Marwood’s second novel tells a taut, fascinating tale that’s not for the weak of stomach.
Lisa, also known as Collette, is on the run after witnessing her shady boss, Tony, beat a man to death at the Nefertiti Men’s Club. Now her mother is dying in a nursing home and she wants to be nearby, so she rents a room in a boardinghouse that's one step up from a homeless shelter. The shabby home, subdivided into apartments, is owned and managed by a grossly obese man who takes advantage of his down-and-out residents: Hossein, who's seeking political asylum in England; Vesta, who's lived in the basement apartment all her life; Cher, a 15-year-old who's slipped the reins of social services; and two single men, Thomas and Gerard. While Collette uses the money she has left, about £100,000, to evade Tony and his henchmen, the residents are dealing with backed-up drains that smell awful. Unknown to the other residents, one of the men has been making a habit of killing young women, including Nikki, the former resident of Collette’s apartment, and what he does to them afterward is beyond horrible.
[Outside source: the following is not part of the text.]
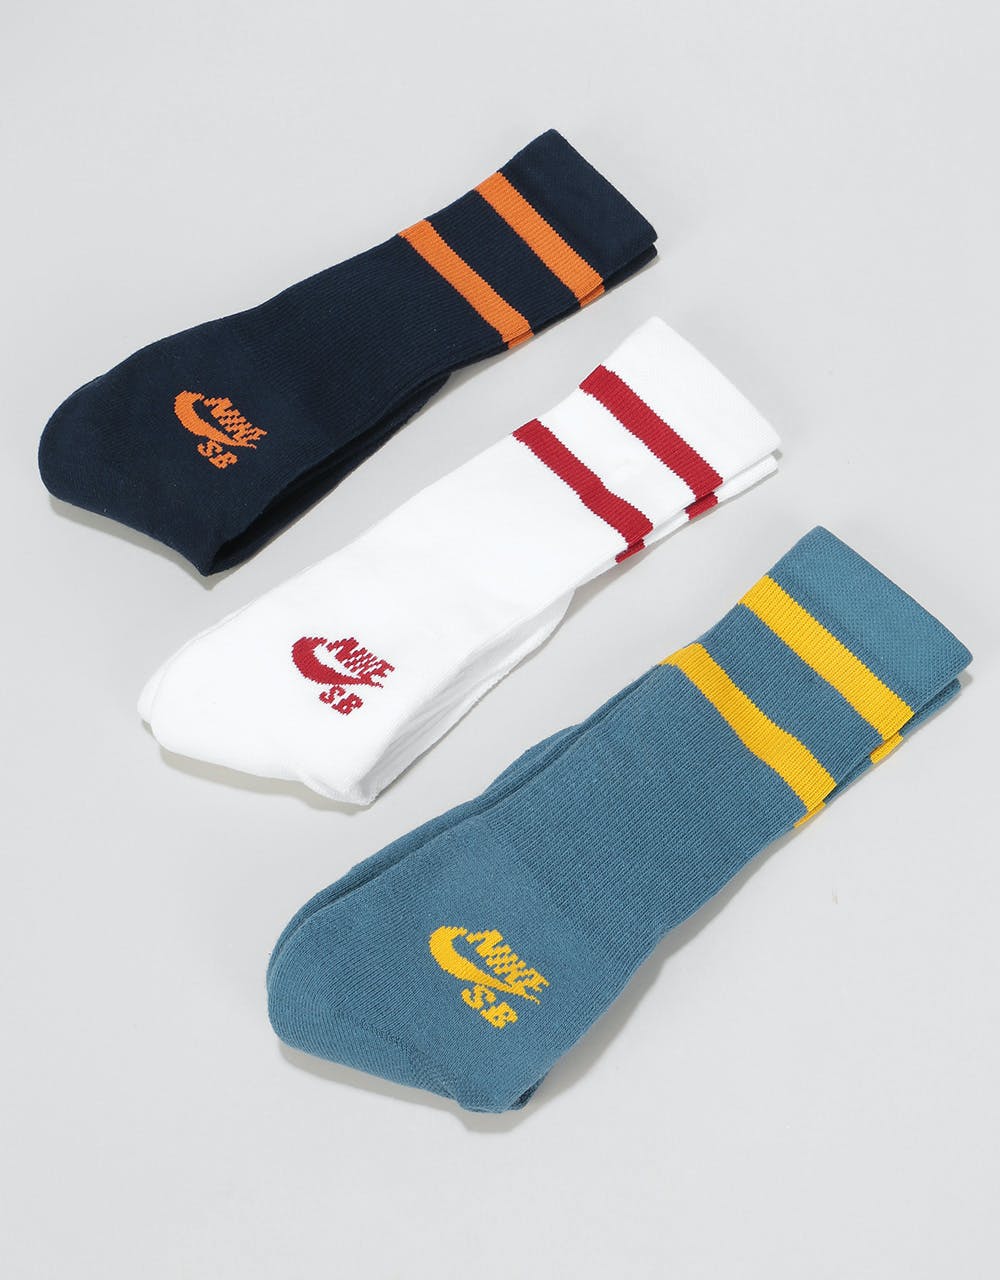 Nike SB Crew Socks 3 Pack - Multi Colour

Now the killer is looking for new blood; when something terrible happens to bring the boarders together, things only grow more dangerous. Marwood, a British journalist writing under a pseudonym, not only creates a cast of memorable characters, but also ratchets up the suspense, leaving readers to dread what might be around the next corner. Many writers shine at characterization or at creating tension; the trick is in successfully combining the two. In this case, readers will care what happens to Collette and the rest of the boarders while simultaneously waiting for the literary axe to fall.
Marwood—whose first novel, The Wicked Girls (2013), won an Edgar Award—proves she’s got staying power in this addictive tale.